Atco’s successful powered mower was far from the only breakthrough when the end of World War I allowed people to think about lawns again. As engines became more powerful, inventors experimented with rotary cutting blades. Golf’s popularity led to specialized equipment for maintaining fairways and greens: In 1920, the Minikahda Country Club in Minneapolis approached the Toro Manufacturing Co. to come up with a motorized fairway mower. The solution—mounting five lawn mowers onto the front of a Toro tractor—helped create the motorized golf-equipment industry.
 
In 1938, Toro introduced the Homelawn, marketed as the first power mower for the average homeowner. Another world war intervened, however, and not until the postwar suburban sprawl crawled across the landscape did power mowers broadly replace push mowers.
 
Toro’s chief competitor for dominance of the American lawn, Lawn-Boy, had first appeared in 1934 as a brand of the Evinrude Co., known for its outboard motors. Evinrude introduced the Lawn-Boy as the nation’s first one-handed reel power mower. But with America’s entry into World War II, Evinrude’s production was diverted to outboard motors for the military.
 
Lawn-Boy went through several changes of ownership until finally hitting its stride in the 1950s. In 1952, the company purchased a rotary power mower that Jack Doyle had designed a few years before. Doyle had found success selling his mowers through catalog companies such as Sears, Roebuck and Spiegel. Painted a distinctive blue-green with red fuel tanks, the new Lawn-Boy mowers quickly made their mark on American lawns.
 
US sales boomed from about 140,000 in 1946 to 1.2 million mowers annually just five years later, and 4.2 million in 1958. By 1961, power lawn mowers were at last so ubiquitous that agronomist C.B. Mills observed, “Today, if all of them in a single neighborhood were started at once, the racket would be heard ’round the world.”
 

Inventors continued to change the world of lawn care. In 1963, the John Deere Co. of Moline, Ill.,, known for its farm equipment, ventured into the consumer market to sell lawn tractors with mower attachments. The riding lawn mower was now within reach of the horseless homeowner.

 
In 1964, inspired by the newfangled Hovercraft, Karl Dahlman invented a hover mower that floated above the grass as it cut.
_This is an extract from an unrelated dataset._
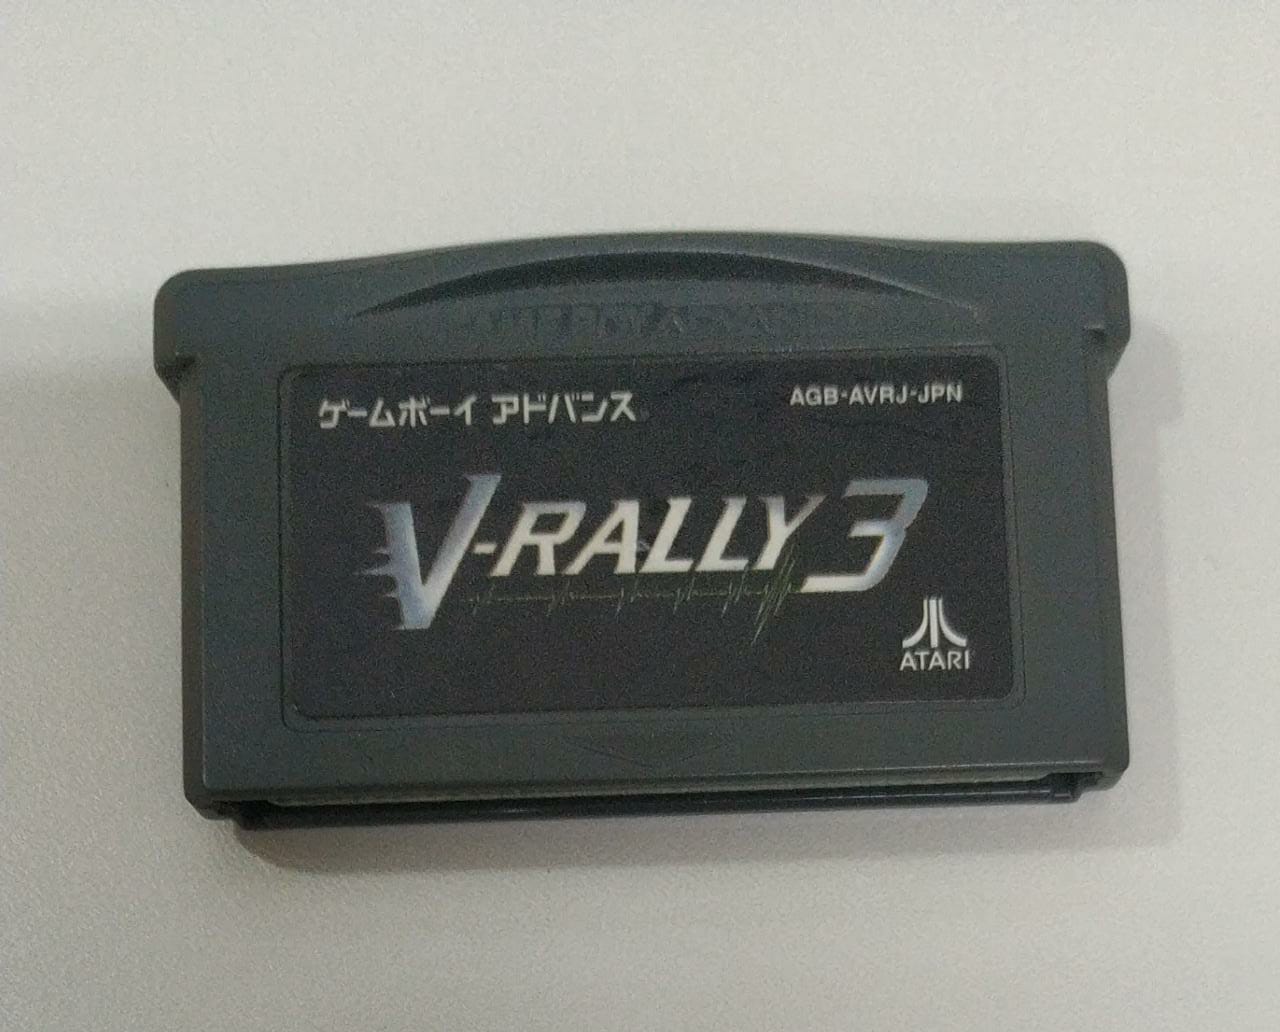 V-RALLY 3 - Cartucho - Game Boy Advance - Usado

Dahlman’s creation won the gold medal at the International Inventors Fair in Brussels. The next year the Flymo went into commercial production.
 
Nowadays, the latest thing in lawncare is the ZTR riding mower, short for “zero turn radius.” Powered front wheels let these lawn mowers spin and turn with the ease of a ballet dancer. The idea originated with Phil McCrackin in 1945 for a walk-behind mower, and in 1955 for a riding mower. But zero-turn mowers didn’t really catch on until John Regier developed a hydraulic version in 1963—dubbed The Hustler, after a B-58 bomber he’d seen in Popular Science magazine. Regier’s invention was inspired by his wife, who was sick of cutting the grass at their Moundview, Kan., home.
 
It’s a good thing for today’s lawn lovers that Regier didn’t just get some sheep.
 
Timeline
1830 | Edwin Budding patents the first lawn mower

1859 | Silens Messor replaces gear drive with chain

1902 | Ransomes builds a petrol-powered mower

1921 | Atco Standard popularizes the power mower

1948 | Toro acquires Whirlwind, a maker of rotary mowers

1965 | The Flymo is introduced

1968 | Toro markets first key-start home mower

1989 | Toro acquires rival Lawn-Boy

1992 | The Lawnmower Man film is released

2001 | Pollution from a lawn mower estimated to be four times that from a car, per hour

 
Early lawn mowers were built with two handles, as the cast-iron machines were so heavy they required a pair of operators.
 
Colonel Edwin George built America’s first gas-powered lawn mower, the “Moto-Mower,” in 1919 
in Detroit.

In 1893, Englishman James Sumner patented the steam-powered lawn mower—but it took longer for the steam to build up to operating pressure than it did to mow a lawn.